Personal information
- Date of birth: 15 January 1931
- Place of birth: Villanuova sul Clisi, Italy
- Date of death: 21 January 2008 (aged 77)
- Place of death: Gavardo, Italy
- Height: 1.75 m (5 ft 9 in)
- Position: Striker

Senior career*
- Years: Team / Apps / (Gls)
- 1949–1951: Brescia / 41 / (24)
- 1951–1952: Roma / 25 / (9)
- 1952–1953: Palermo / 20 / (8)
- 1953–1954: Roma / 16 / (9)
- 1954–1955: Udinese / 31 / (20)
- 1955–1957: Lazio / 41 / (15)
- 1957–1961: Udinese / 125 / (49)
- 1961–1962: Internazionale / 24 / (8)
- 1962–1963: Modena / 13 / (2)
- 1963–1966: Alessandria / 59 / (21)

= Lorenzo Bettini =

Italian footballer

Lorenzo Bettini (born 15 January 1931 in Villanuova sul Clisi; died 21 January 2008 in Gavardo) was an Italian professional football player.

== Professional career ==
Lorenzo Bettini began his professional football career in 1949, signing with Brescia, where he played for two seasons before transferring to AS Roma in 1951. During the 1952–53 season, he was sent on loan to Palermo, returning to Roma after the loan spell concluded on June 30, 1953.

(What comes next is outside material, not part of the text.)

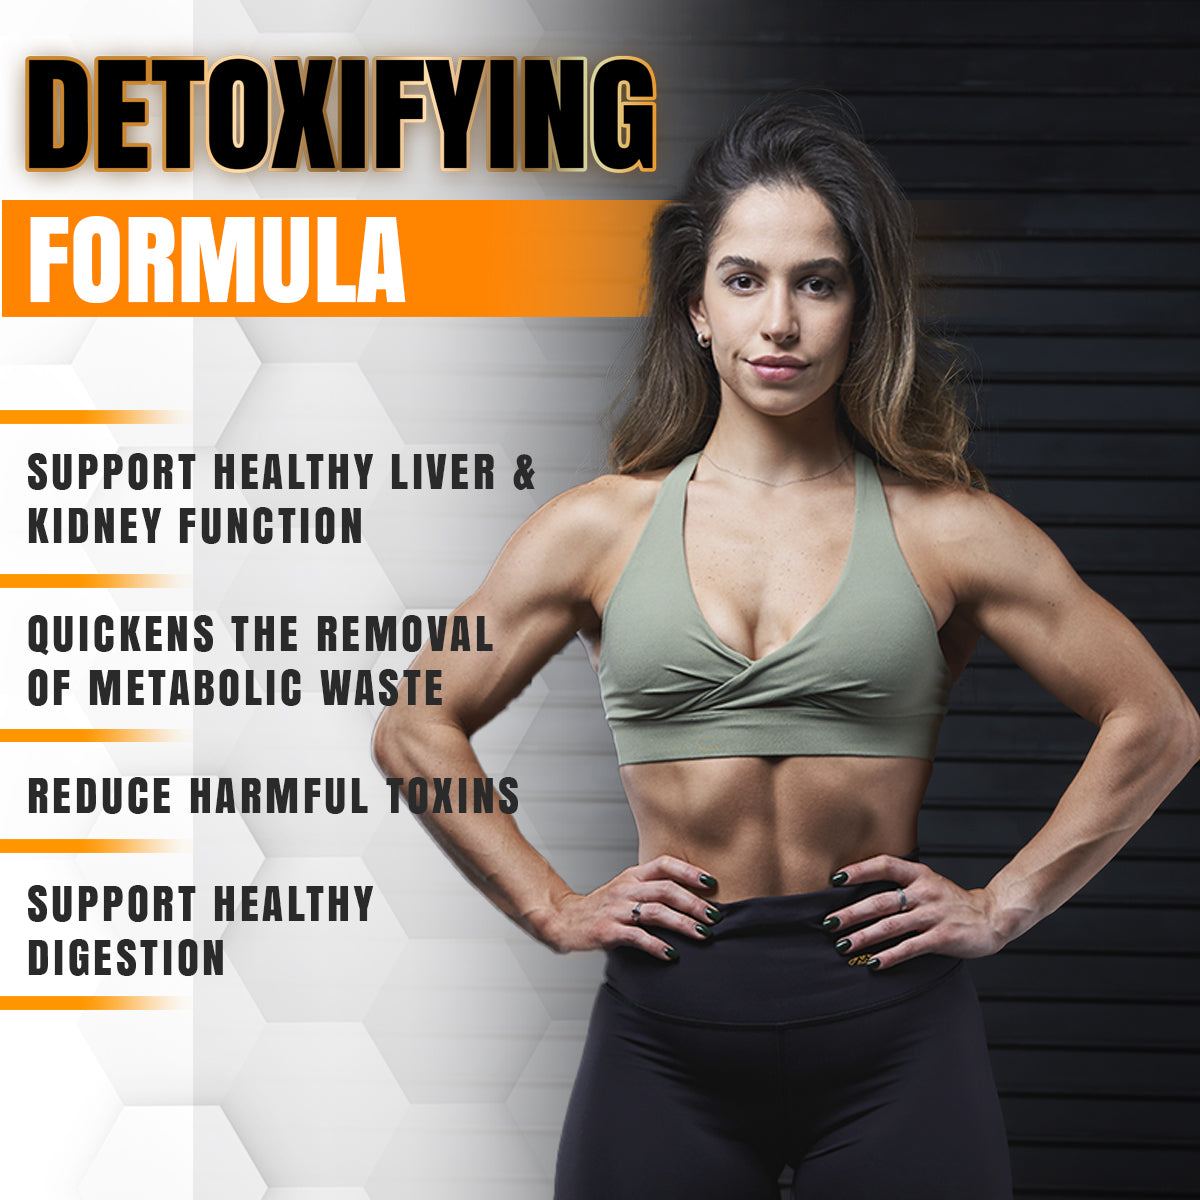 DTOX™ - Detoxifying Formula

In 1954, he transferred to Udinese, marking the beginning of a significant period in his career. The following year, he joined Lazio, before returning to Udinese again in 1957. His performance caught the attention of Inter Milan, who signed him in 1961 for a fee of €30,000.

After a season at Inter, he moved to Modena in 1962, followed by a transfer to Alessandria in 1963, where he played until his retirement in 1966. Over the course of his career, he featured for a variety of Italian clubs, including several in Serie A and Serie B.